Mario Monti sollte es wissen: Der italienische Regierungschef hat
immerhin bei James Tobin, der 1972 das Konzept der nach ihm benannten
Steuer entwickelt hat, studiert. Mit dem Abwandern von
Finanztransaktionen verflüchtigen sich ja nicht nur irgendwelche
bösen Spekulationsgeschäfte: Die Verlagerung würde auch die
Eigenkapitalzufuhr der Unternehmen durch internationale Investoren
deutlich erschweren, weshalb die Betriebe noch stärker auf die
Kreditvergabe der Banken angewiesen wären. Den Finanzinstituten wird
aber das Vergeben von Darlehen mit höheren Eigenmittelanforderungen
gerade ziemlich vergrault.
Ähnlich, nur noch schlimmer, sind die Auswirkungen der nun
angedachten Alternativen. Die Wiedereinführung der Börsenumsatzsteuer


zielt noch stärker auf die Diskriminierung von Aktien ab, während
sogenannte Spekulation taxfrei bleibt. Zudem steht zu befürchten,
dass die Steuersätze auf den Wertpapierhandel weit höher ausfallen,
weil Derivate und andere komplexere Produkte nicht erfasst werden.

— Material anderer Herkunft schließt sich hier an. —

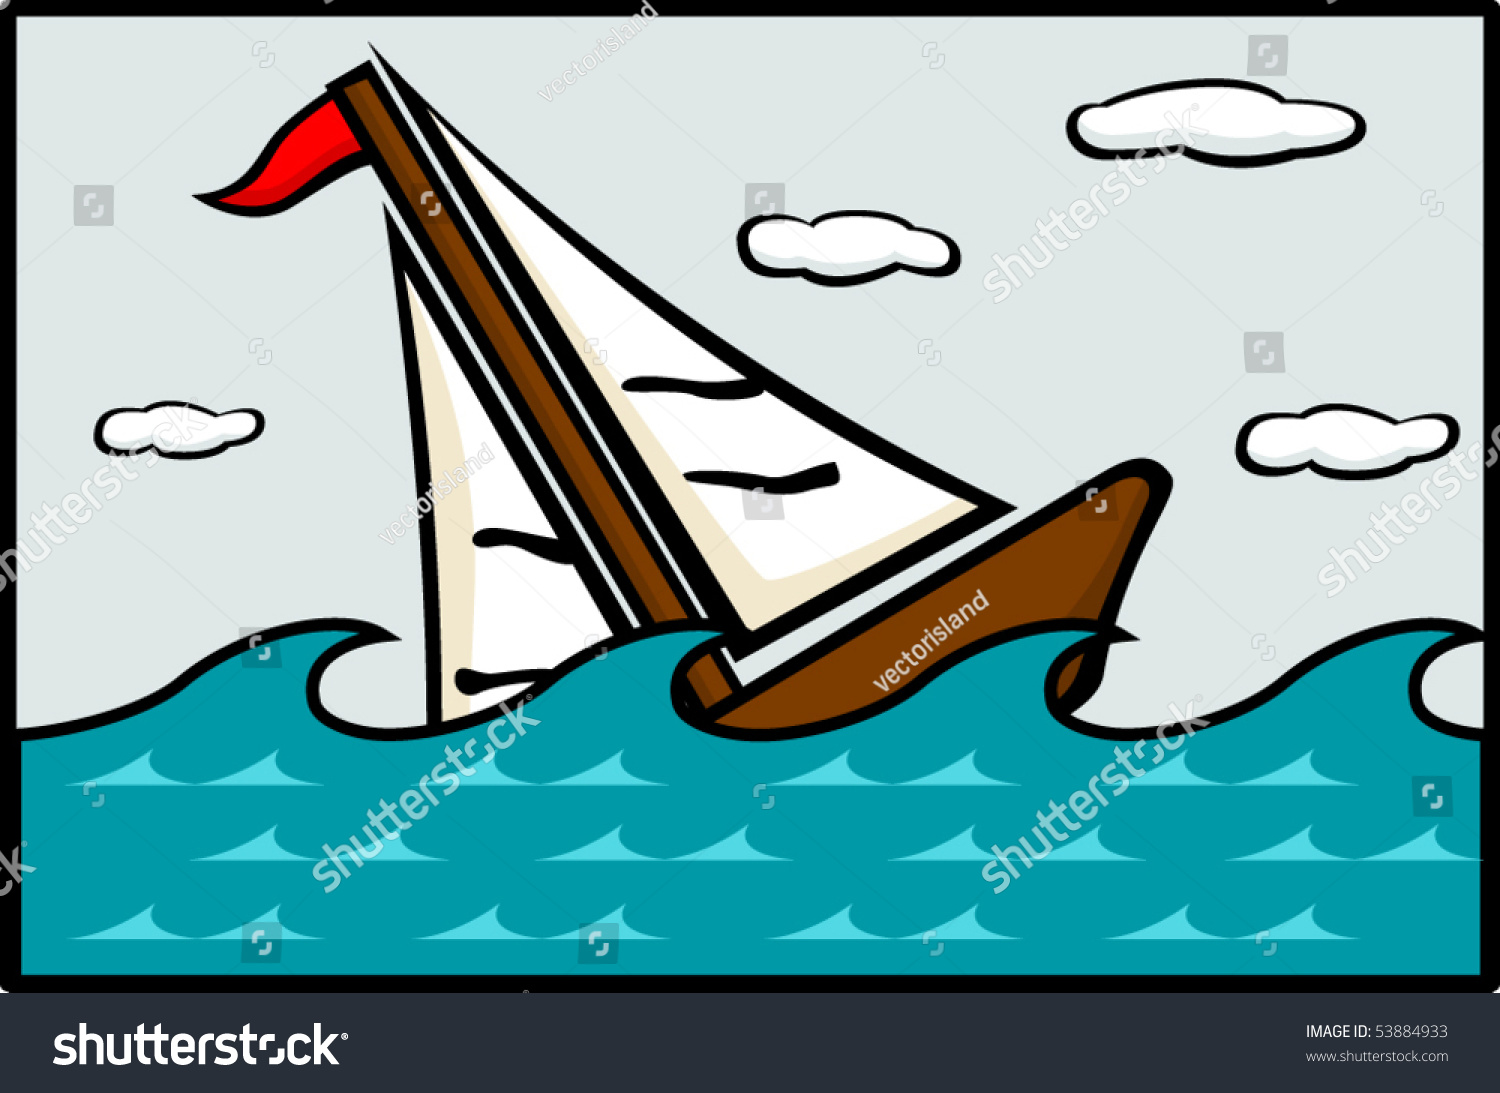 Sinking Ship Stock Vector 53884933 - Shutterstock
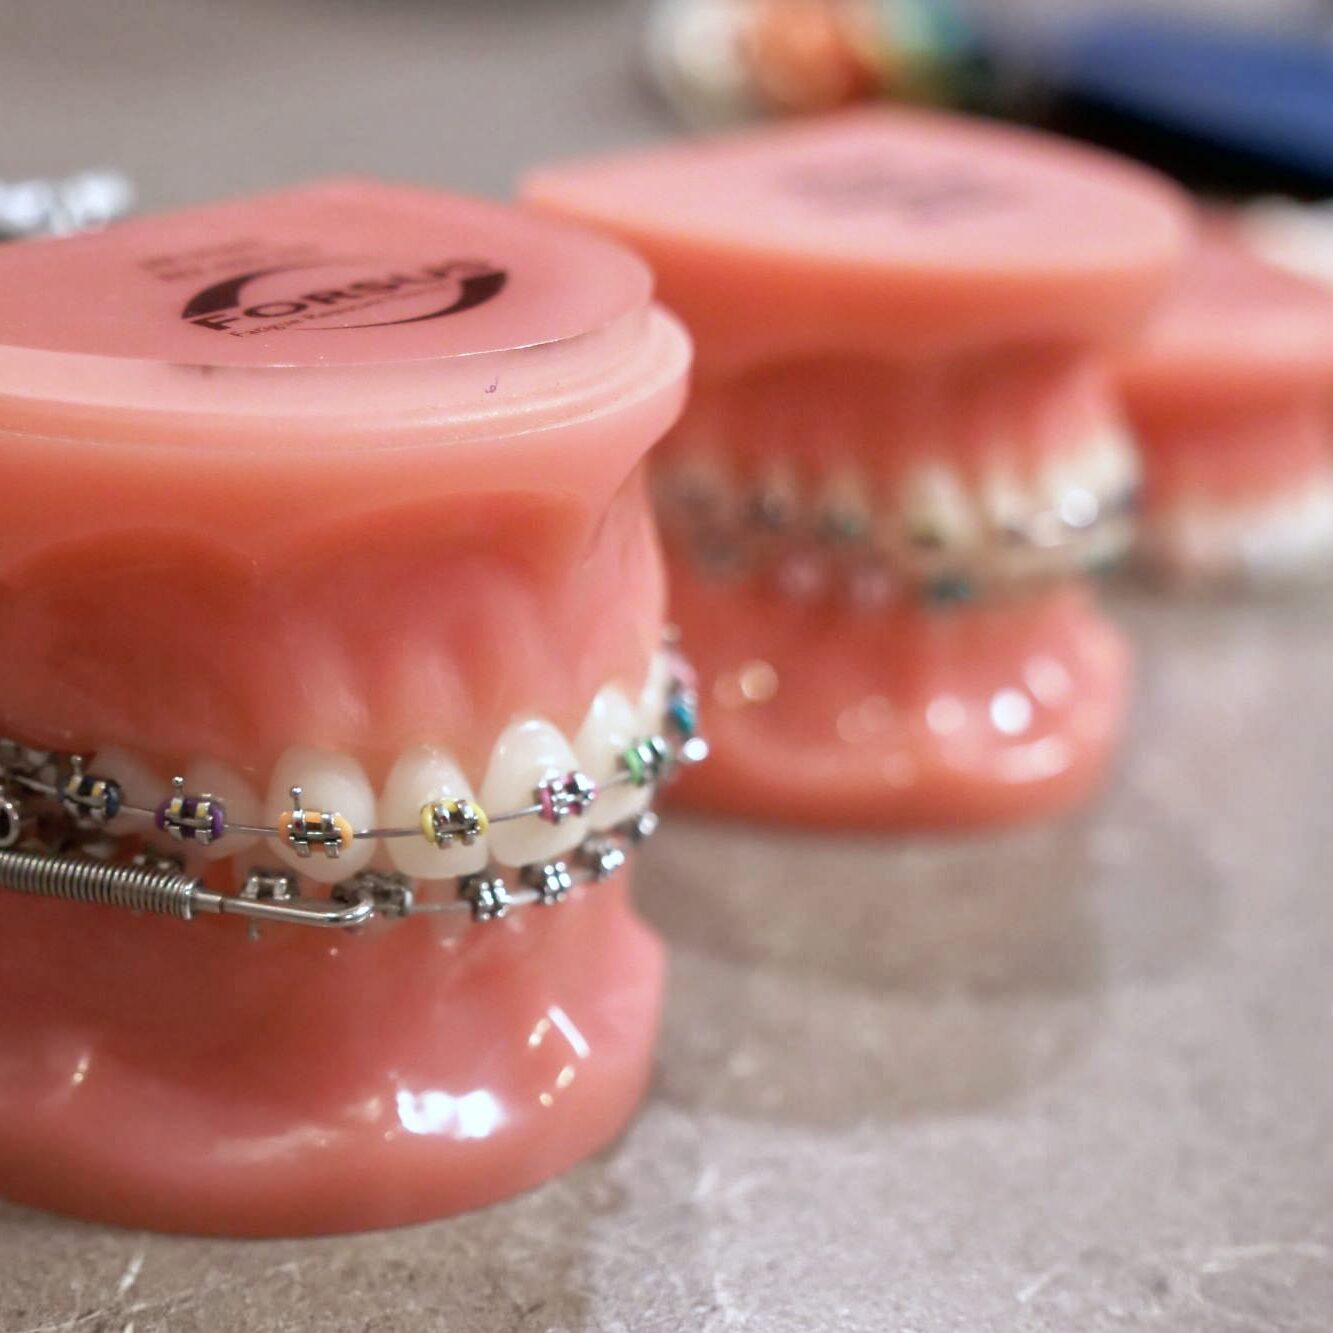 Teeth models with braces

Zweite Alternative ist eine europaweite Bankensteuer, die an und für
sich sinnvoll wäre. Österreich sollte aber nicht den Fehler begehen
und sich neuerlich hohe Einnahmen daraus erwarten. Mit der schon
existierenden Abgabe liegt das Land nämlich jetzt schon am oberen
Rand in Europa.
Die Regierung wäre gut beraten, das Aus für die
Finanztransaktionssteuer gleich als Anlass für eine Generalüberholung
des brüchigen Budgetgerüsts zu betrachten und auch die anderen
Fantasien zu begraben: Einnahmen aus dem erhofften Steuerabkommen mit
der Schweiz und aus der neuen Pensionskassenbesteuerung; Einsparungen
bei Gesundheit, Förderreform und Struktureffekte bei den Pensionen,
um nur einige der Wackelkandidaten anzusprechen. Mit Überschriften
werden nämlich keine Finanzen in Ordnung gebracht, wie erst dieser
Tage Niederösterreichs Landeshauptmann Erwin Pröll bewies.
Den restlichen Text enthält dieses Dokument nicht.